Também é necessária uma mudança na relação de poder entre professor e aluno, do ensino verticalizado  para apoiar as pessoas a aprenderem com suas próprias experiências. A educação sexual exige essa pedagogia porque é um tema orientado para a ação que começa com o próprio corpo das pessoas.

Isto chegou à mim durante a apresentação no 7ª Encontro de Pesquisa Acadêmica da Sexualidade Chinesa, quando fui desafiada pelo argumento do mentor de vida sexual Yang Chun de que  “a educação sexual é o tipo de coisa que você só tem que aprender com sua própria experiência; não é algo que as escolas possam ensinar”.  Como, me perguntei, educadores podem apoiar as pessoas a aprender com suas próprias experiências ainda antes delas terem uma primeira experiência sexual? Quando poderia ser útil entender preservativos, consentimento, comunicação, sentimentos e poder? O educador sexual britânico Justin Hancock inventou um exercício de aperto de mão que pode ser usado como  exercicio  de negociação de uma interação física, para ser aplicado mais tarde em situações  sexuais.

Desafiando o Legado

Desafiar nossos legados coloniais é uma enorme tarefa. É ainda mais difícil no mundo atualmente polarizado, onde a educação sexual está sob ataque do populismo de direita e dos movimentos antigênero. Mas é uma tarefa necessária e urgente.

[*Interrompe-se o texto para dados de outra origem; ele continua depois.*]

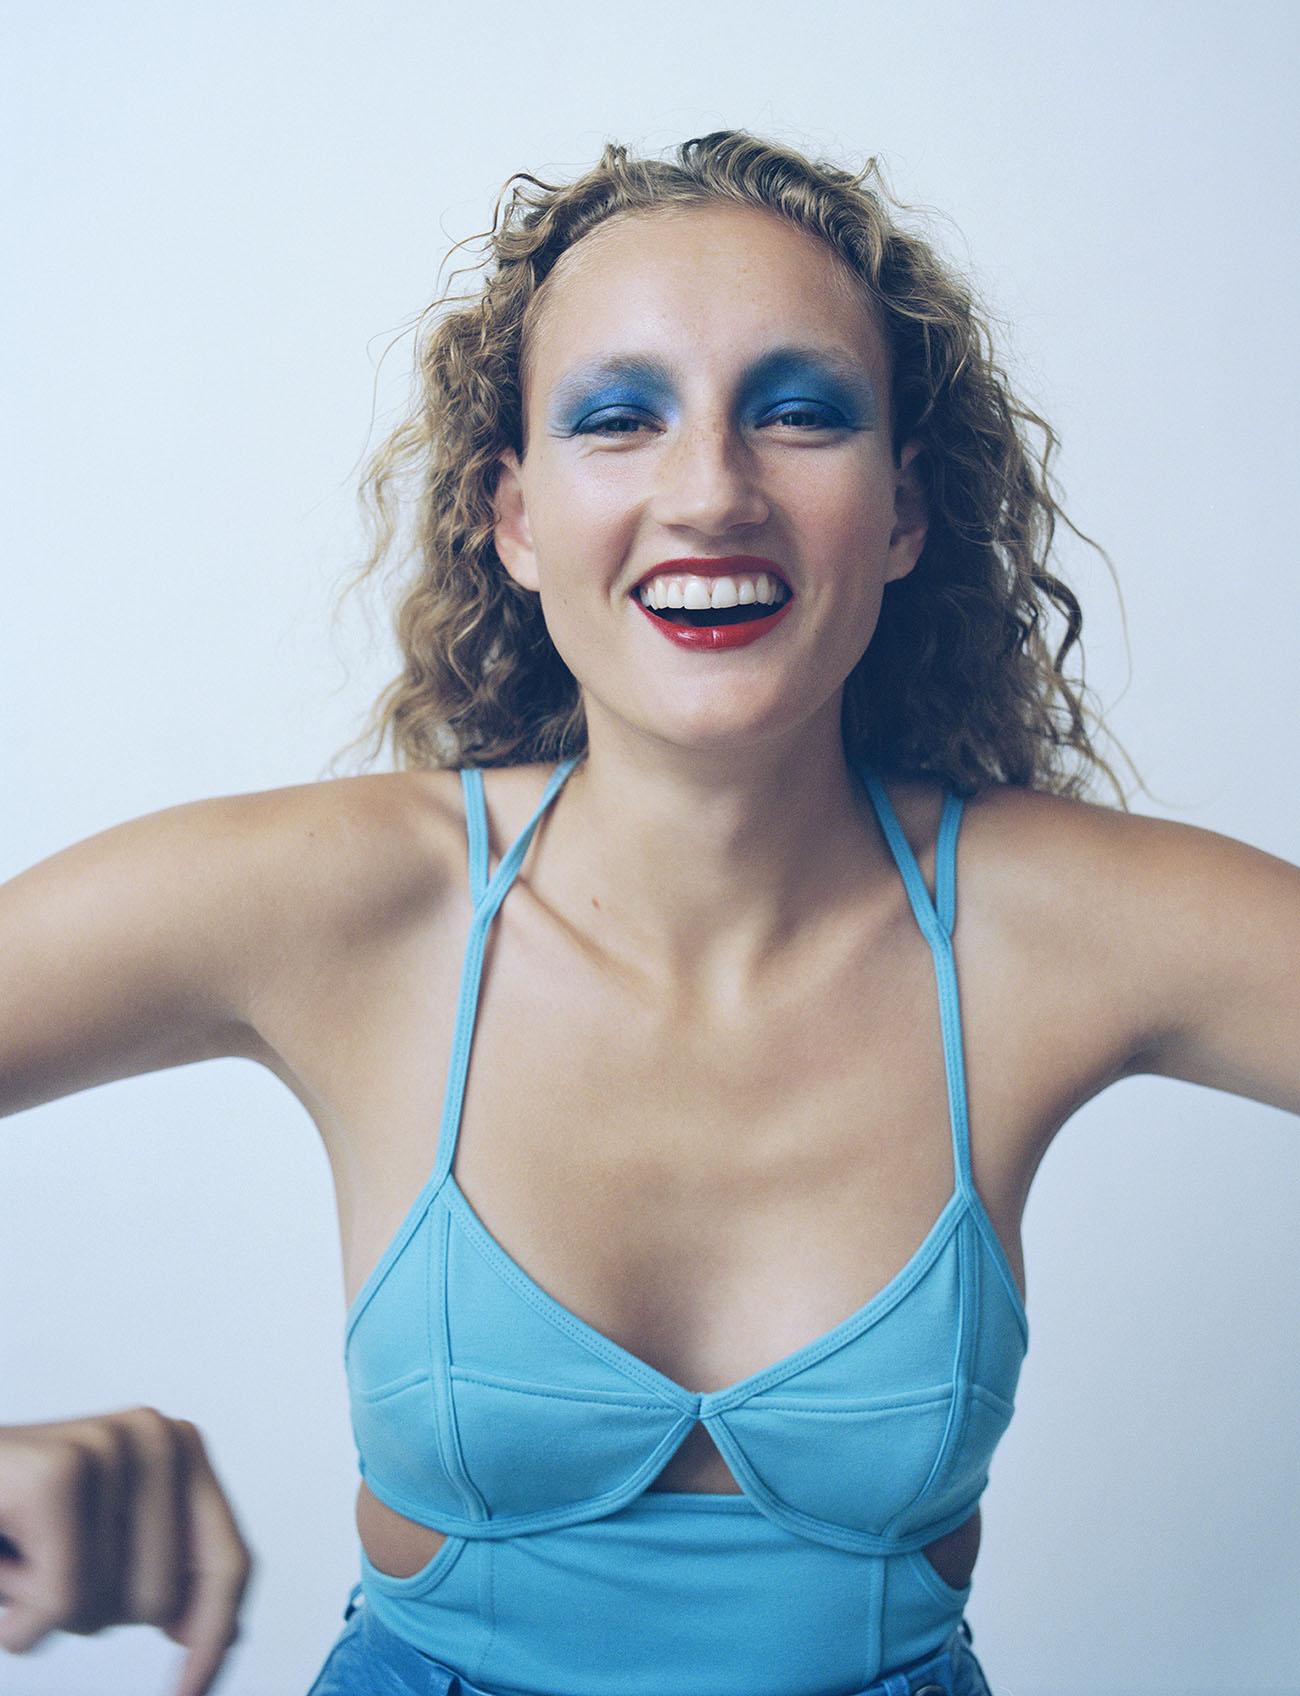 Agnes Nieske Abma by Dennis Stenild for Elle Mexico October 2020

Às vezes, somos acusados de exercer o poder colonial e de trazer valores ocidentais para minar nações e comunidades não-ocidentais. Isto nunca deve ser assim.  Devemos descolonizar a educação sexual para corrigir a violência do passado e para oferecer às pessoas o que elas realmente precisam saber. Desta forma, nosso trabalho resistirá melhor às acusações de imposição ocidental. Um primeiro passo pode  ser o reconhecimento dos traços  coloniais que permeiam nosso campo  de educação em sexualidade e que questioná-los deve fazer parte de nosso aprendizado, bem como de nosso modo de ensinar.